What is required: Your copy of the data should match it exactly, leaving out only the pictures.

Provided data:
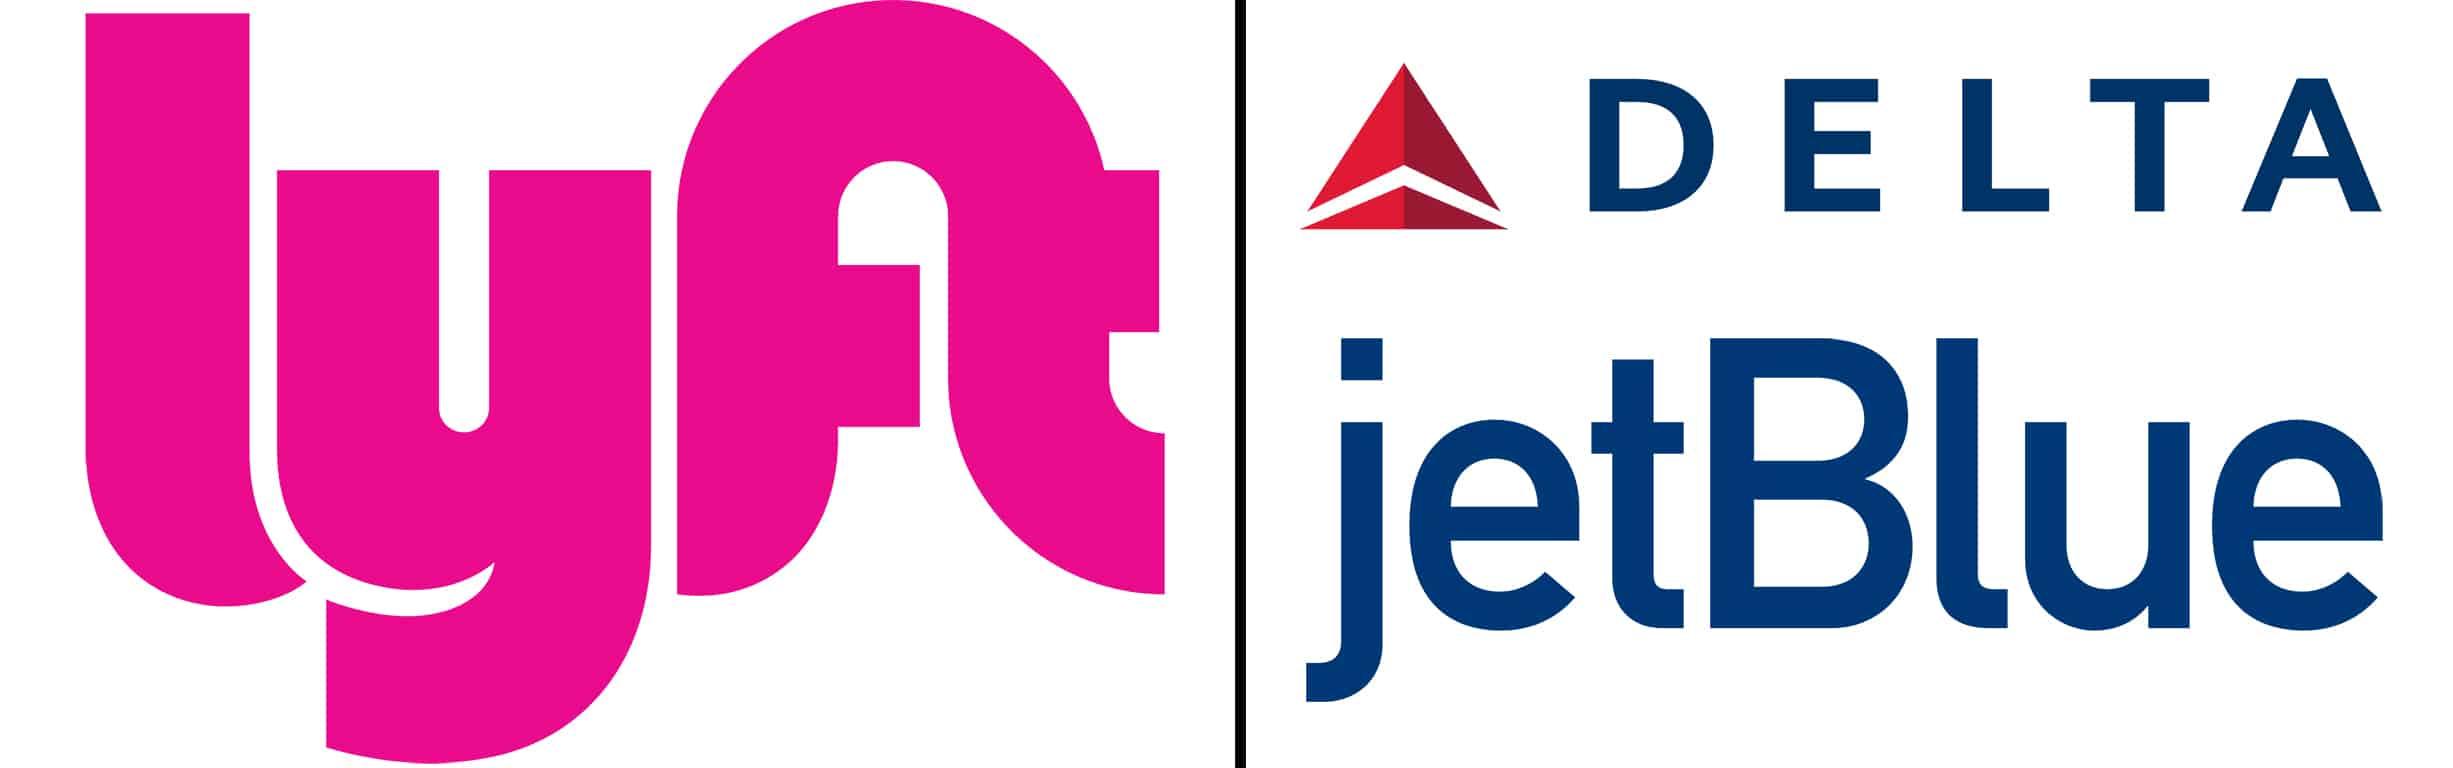 Lyft partners Delta and JetBlue
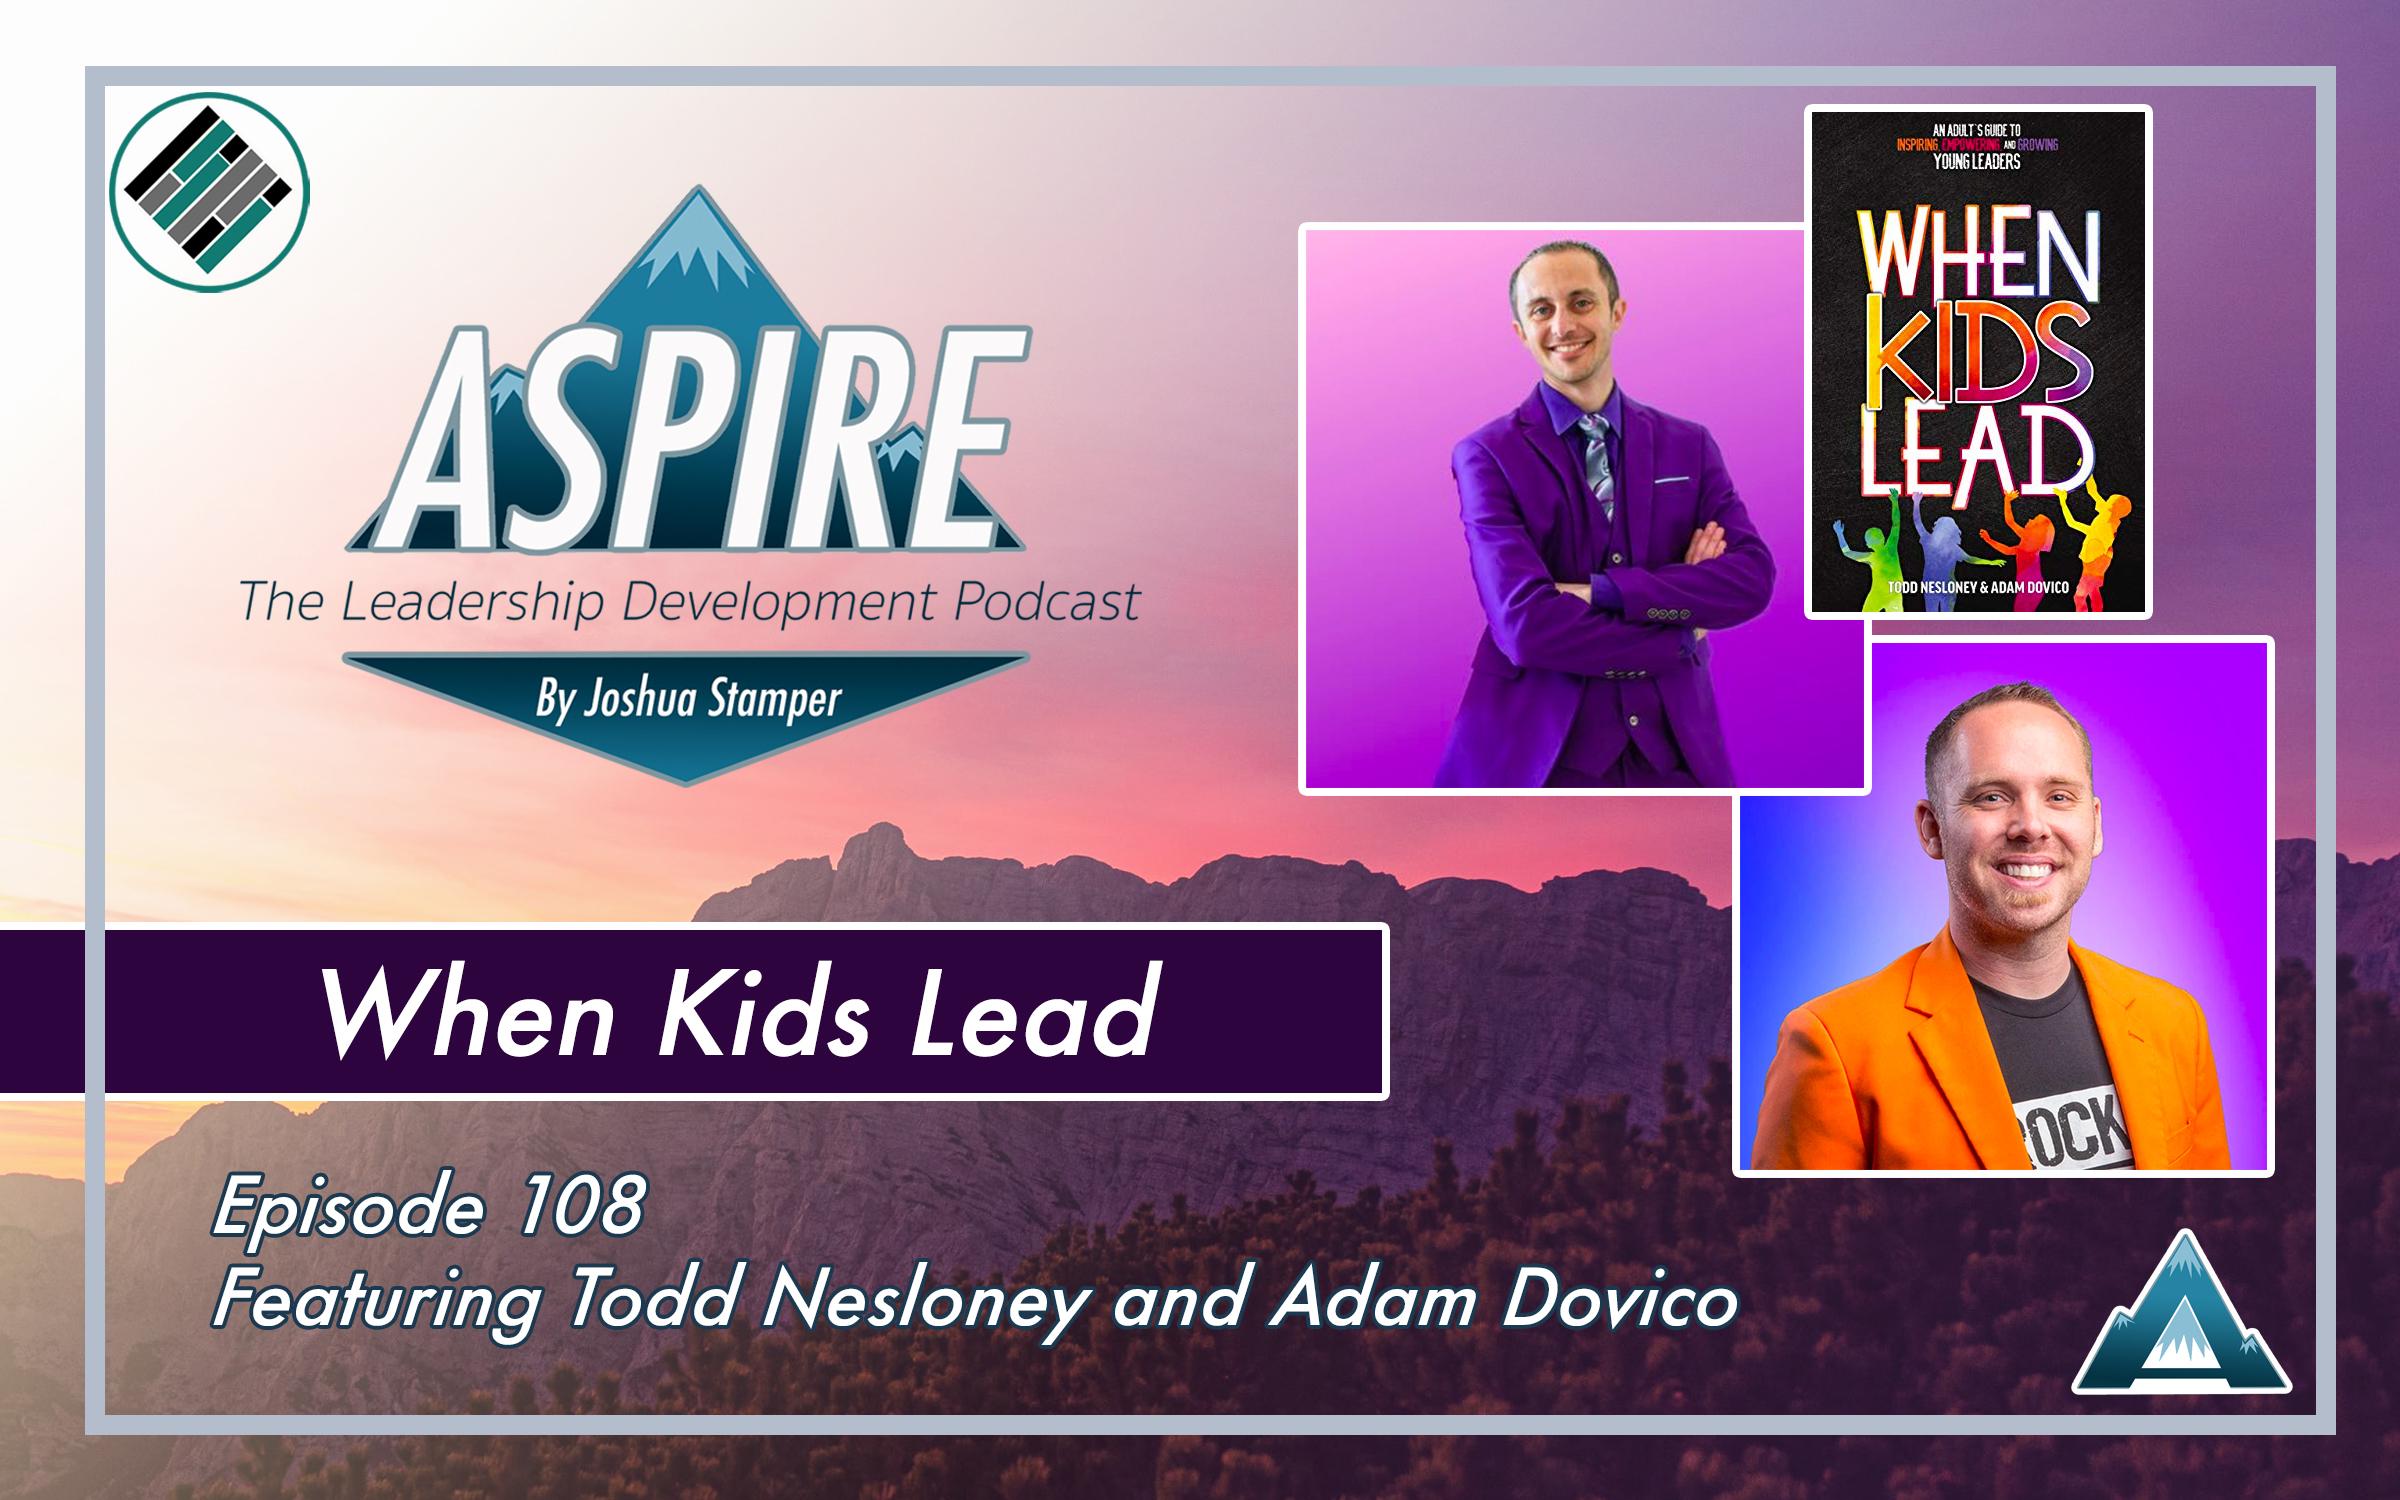 Aspire: The Leadership Development Podcast, Todd Nesloney, Adam Dovico
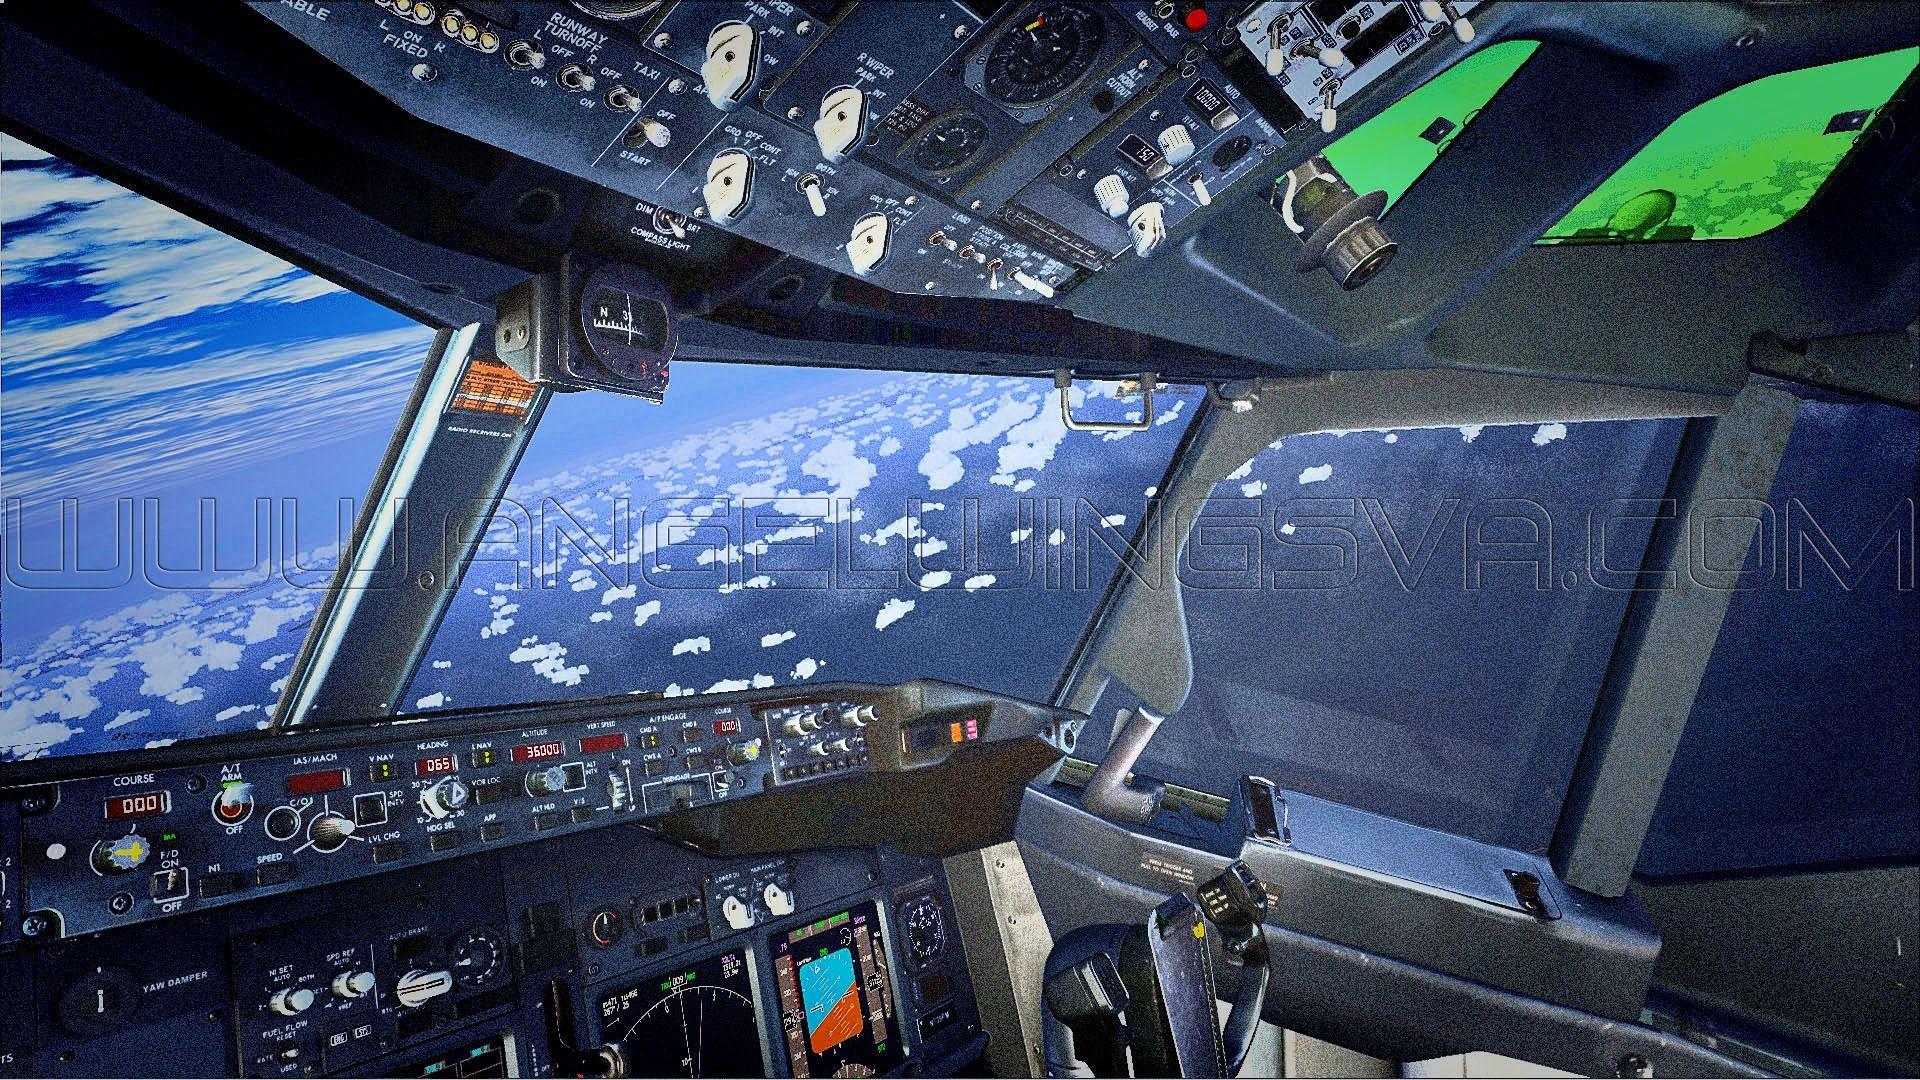 Airbus a380 cockpit wallpaper 68 images - 4k cockpit wallpaper ...

Response area:
 Lyft partners Delta and JetBlue
 Aspire: The Leadership Development Podcast, Todd Nesloney, Adam Dovico
 Airbus a380 cockpit wallpaper 68 images - 4k cockpit wallpaper ...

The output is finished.